Dr. Harold Lehmann, another participant, shifted the focus to how AI can be used to improve the process of scientific publishing itself. He asked Dr. Haug whether NEJM AI was considering ways to use AI tools to enhance the quality of journal articles and streamline the editorial process. Dr. Haug expressed interest in the idea, stating that while NEJM AI is currently exploring the use of AI in limited areas, such as podcast summaries, there is a broader opportunity for AI to revolutionize publishing practices. She emphasized, however, that AI-generated content would still need oversight to ensure accuracy and maintain high standards of quality.

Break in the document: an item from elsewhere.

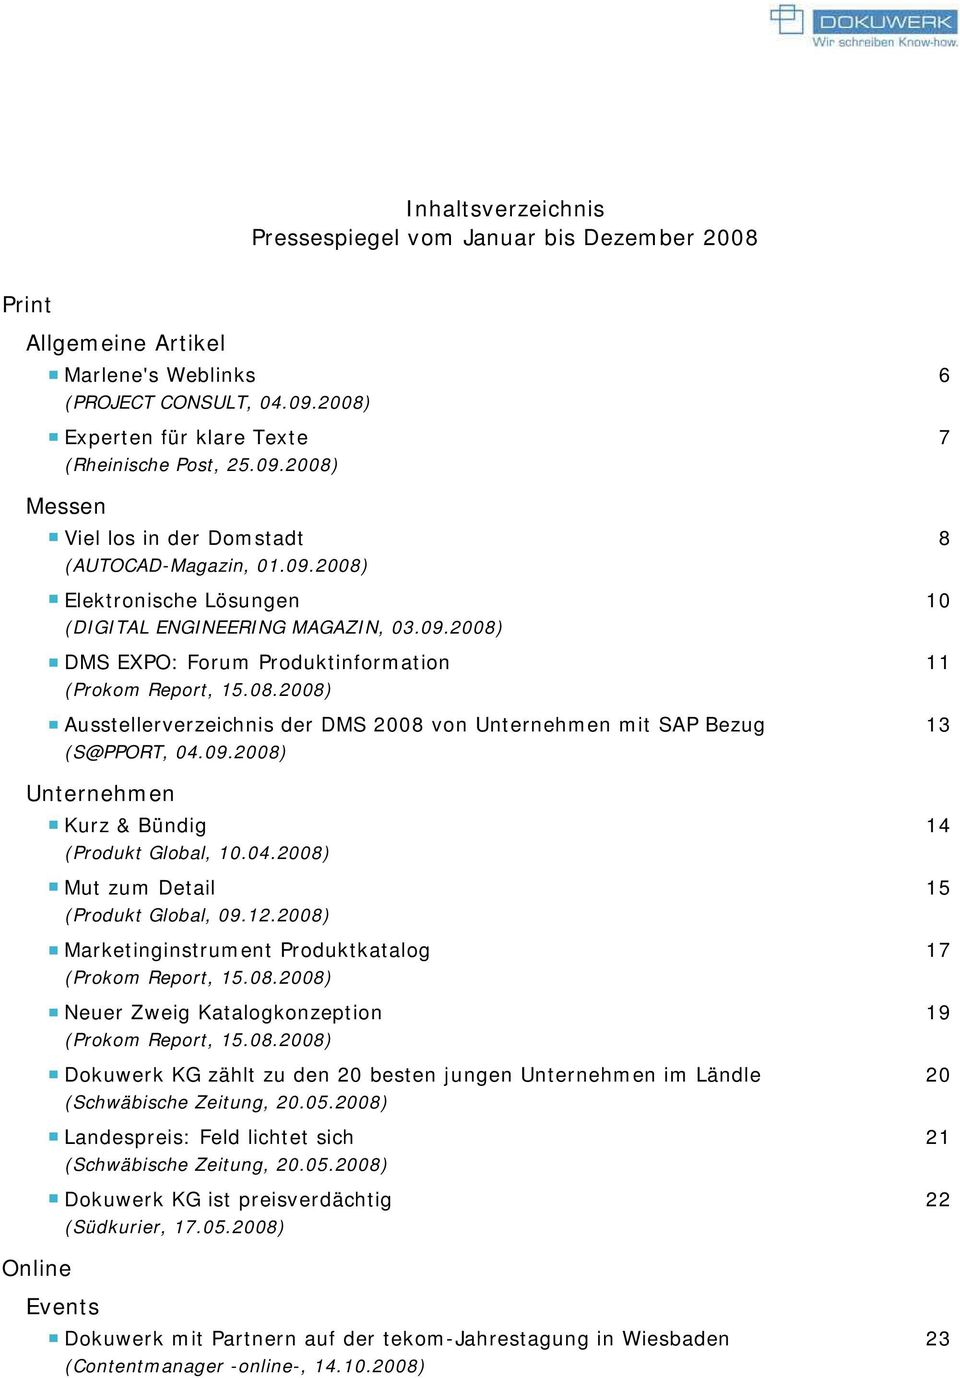 09.2008) Unternehmen Kurz & Bündig (Produkt Global, 10.04.2008) Mut zum Detail (Produkt Global, 09.12.2008) Marketinginstrument Produktkatalog (Prokom Report, 15.08.2008) Neuer Zweig Katalogkonzeption (Prokom Report, 15.
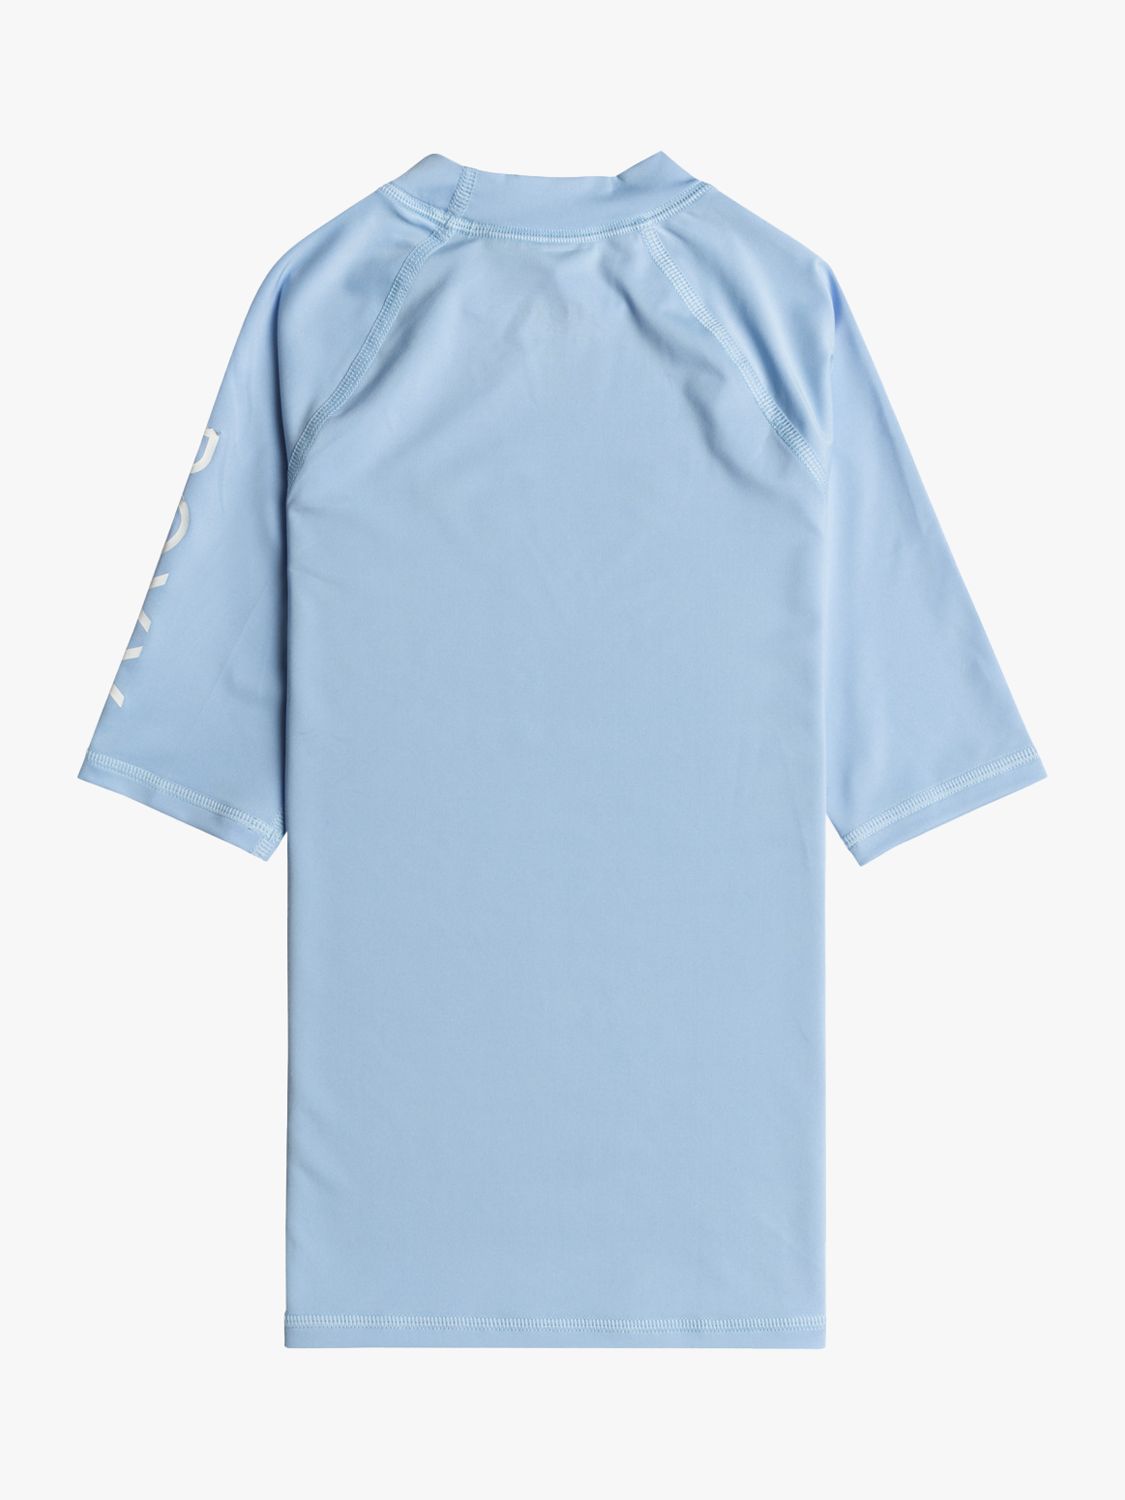 Roxy Kids' UPF 50 Short Sleeve Rash Vest, Air Blue, 8 years

An important topic that emerged from the audience questions was the need to report negative results in AI research. Rajanikanth, a participant, asked about how the journal handles negative findings, particularly when AI tools fail to perform as expected in different settings. Dr. Haug acknowledged that while it can be difficult for authors to publish studies that show their tools did not work as intended, such results are crucial for advancing the field. She pointed out that understanding why an AI tool works in one environment but not in another is key to refining the technology and improving future applications. The journal, she said, is committed to publishing these important findings and fostering a more transparent dialogue around the limitations of AI.

As the seminar came to a close, Dr. Dai thanked the speakers and participants for their insights and contributions. He reminded the audience of the next seminar in the series, featuring Dr. Mark Dredze from Johns Hopkins University’s Whiting School of Engineering, which will take place in November 2024.